Skeletal muscle (SkM) is an extremely abundant and mechano-sensitive tissue, demonstrating increases in mass and function following mechanical loading/resistance exercise (RE). Over the past 3 decades, there has been considerable progress in the development of bioengineered SkM models for elucidating the cellular and molecular mechanisms underpinning load-induced SkM adaptation in vitro. However, the majority of studies often employ loading regimes which lack resemblance of intermittent eccentric-lengthening contraction experienced during RE in-vivo. As the field of SkM epigenetics has only more recently begun to emerge, there is a paucity of data surrounding the epigenetic regulation of mechanical loading in bioengineered SkM. The work conducted herein therefore intermittently loaded bioengineered fibrin SkM in-vitro to determine whether mechanical loading alone recapitulates both the transcriptional and epigenetic responses in SkM following loading/RE in-vivo. The initial experiments (chapter 3) first characterised the use of a novel bioreactor system (i.e. which has never previously been used to bioengineered SkM) for loading bioengineered SkM which demonstrated a comparable mechano-transcriptional response of candidate genes that were differentially regulated after loading in previous well-characterised bioreactors. In order to identify appropriate genes to analyse in response to loading in bioengineered SkM, the most frequently regulated genes across both the human transcriptome and methylome after acute RE in-vivo were determined in chapter 4. Indeed, extensive bioinformatics analysis revealed a number of transcriptionally and epigenetically regulated genes in human SkM that were subsequently analysed at the mRNA and DNA methylation level following acute mechanical loading in fibrin engineered SkM (chapter 5). Despite few changes observed in DNA methylation, mechanical loading alone induced similar changes in gene expression compared to loading/RE in human and rodent SkM in-vivo. Amongst the array of genes analysed, UBR5 demonstrated the largest increase in mRNA expression across all models of loading. Therefore, the final experimental chapter of this thesis (chapter 6) wished to elucidate the mechanistic role of UBR5 after mechanical loading in human myotubes. Most interestingly, mechanical loading was able to rescue the siRNA-induced reduction in UBR5 gene expression, further suggesting a pivotal role in load-induced adaptation.
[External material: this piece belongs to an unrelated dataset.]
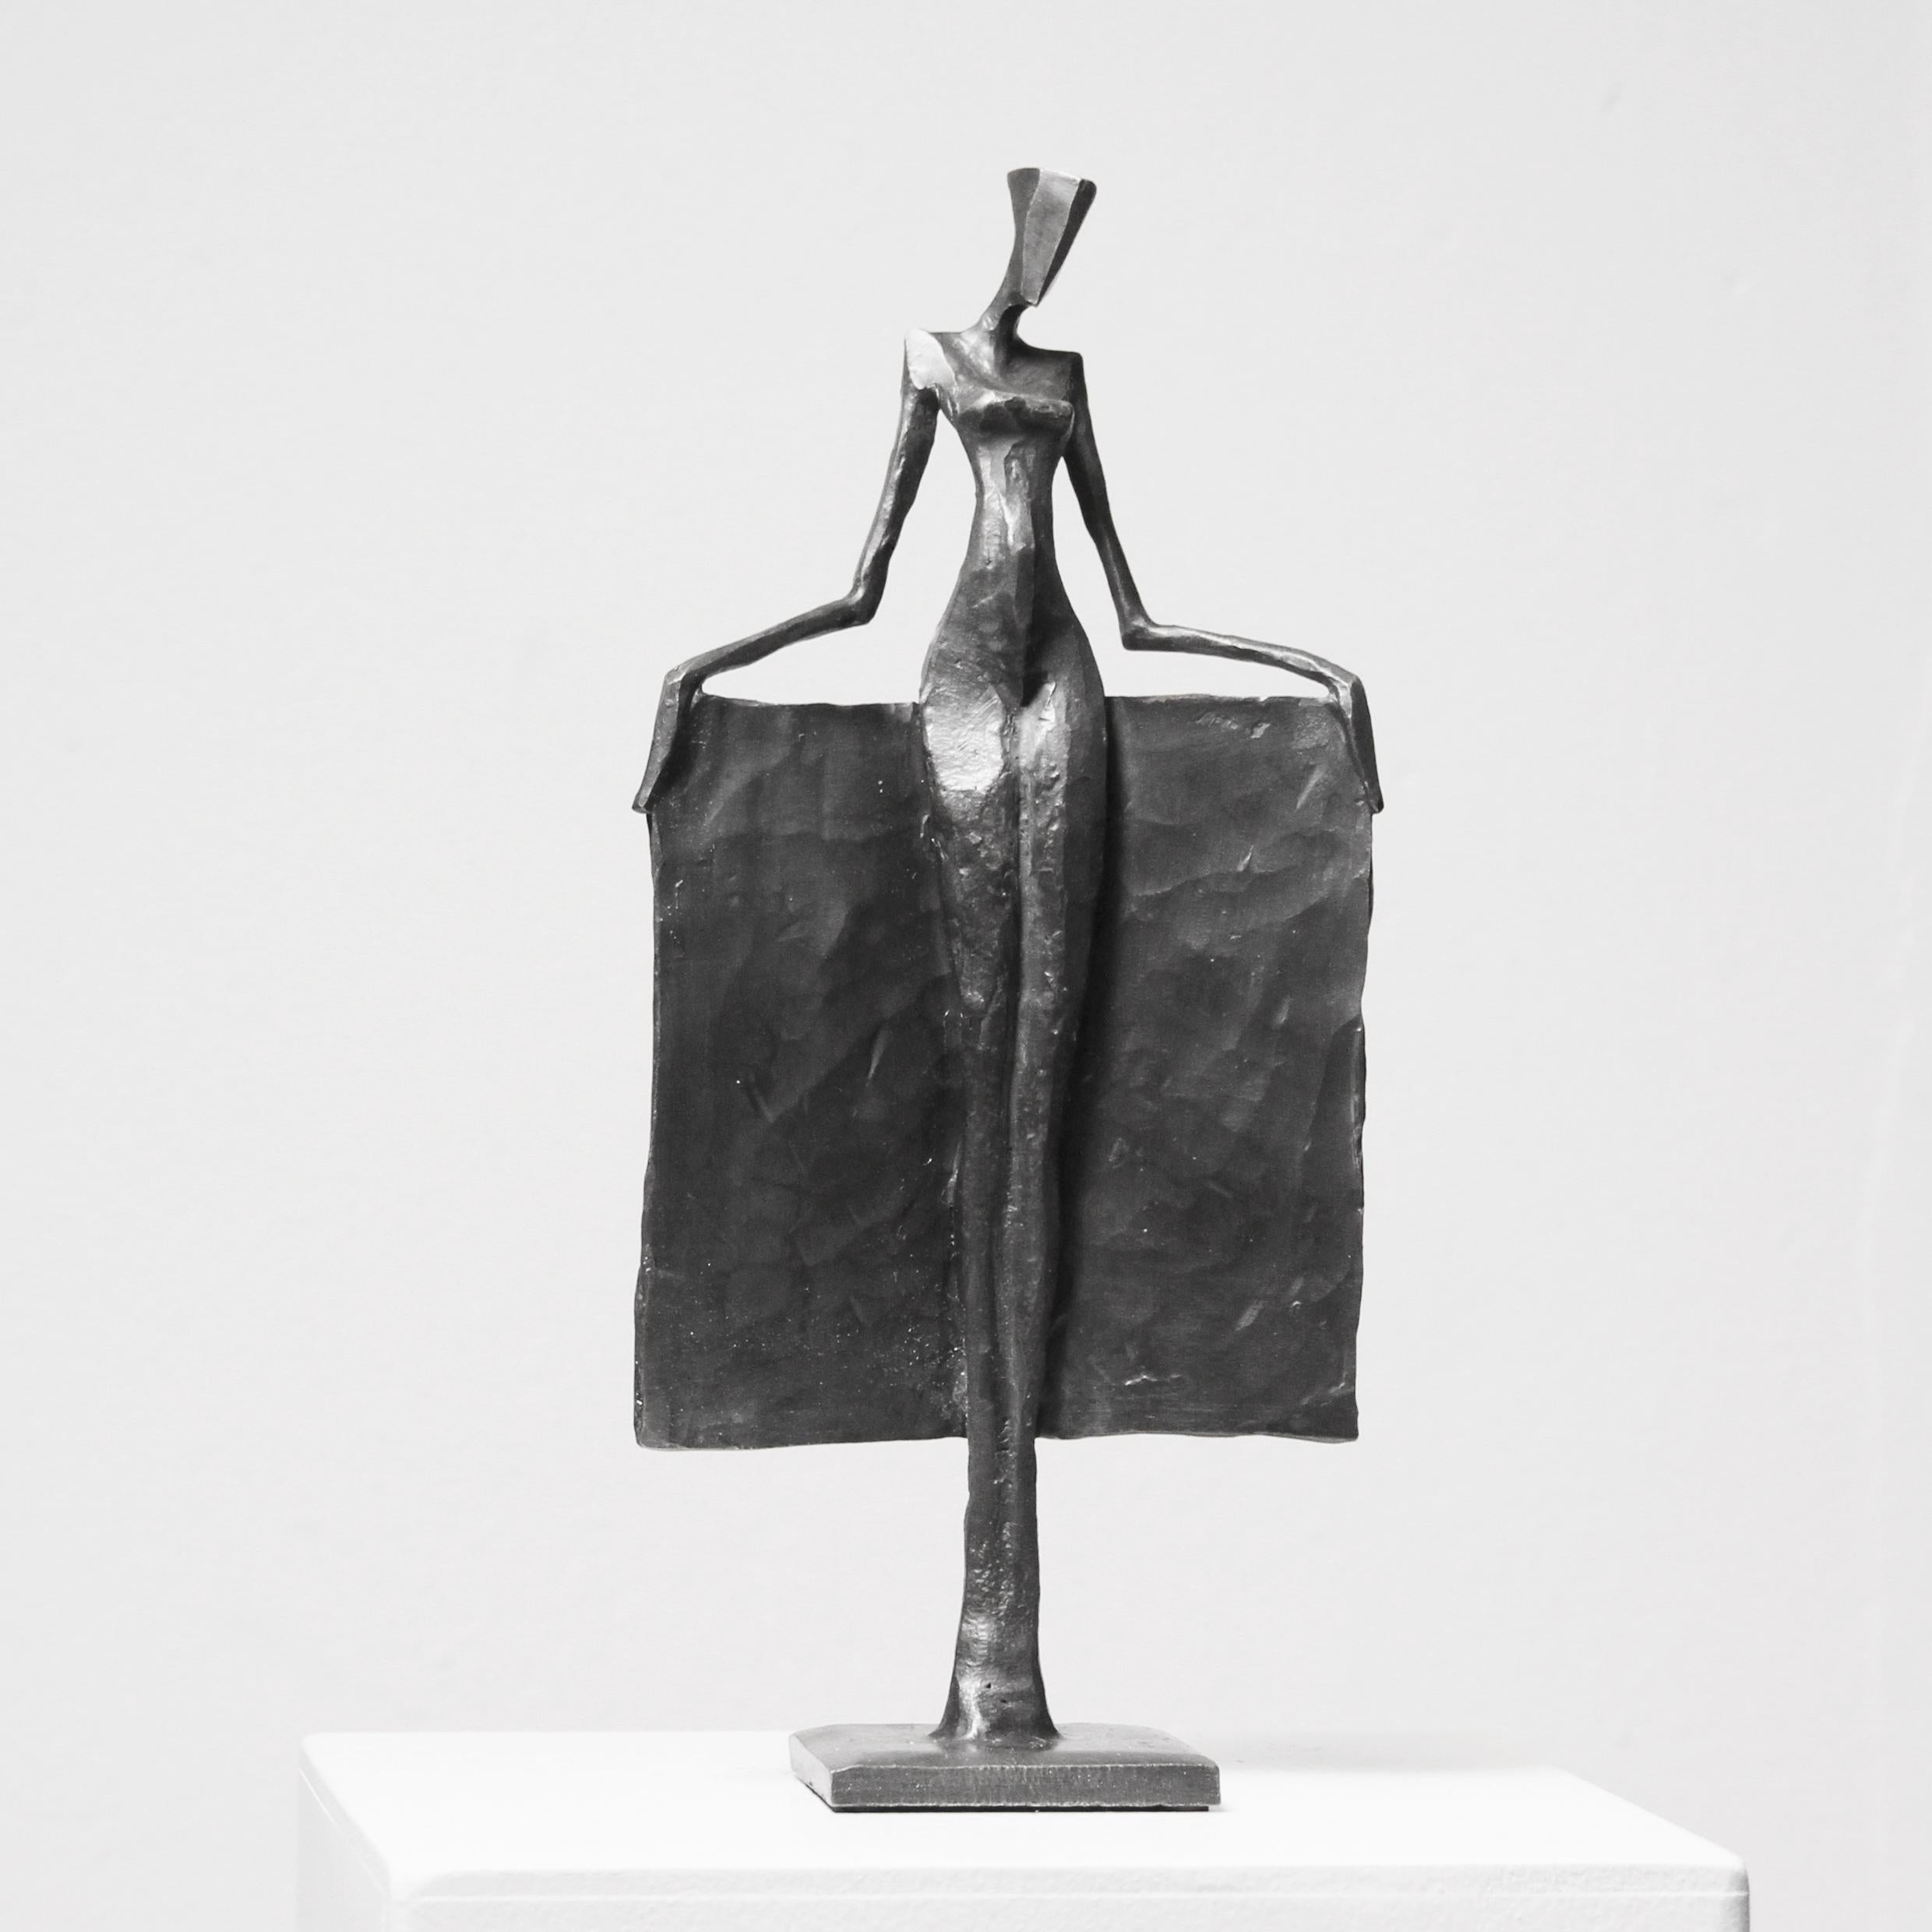 Neile ist eine elegante figurative Bronzeskulptur von Nando Kallweit.

Der stilisierte ägyptisch angehauchte Kopf ist der modernen jugendlichen Haltung nachempfunden, verweist aber auch auf die Bedeutung des Erbes. Ein schönes Stück für sich allein

Overall, the present thesis suggests that mechanical loading of C2C12 bioengineered fibrin muscle is a useful in-vitro model for investigating the transcriptional response to loading in-vivo. Therefore, providing a representative model for investigating the molecular mechanisms underpinning load-induce SkM adaptation. However, the application of repeated/chronic loading, with or without electrical stimulation may be necessary to evoke epigenetic alterations that are comparable to those observed following loading/RE in-vivo.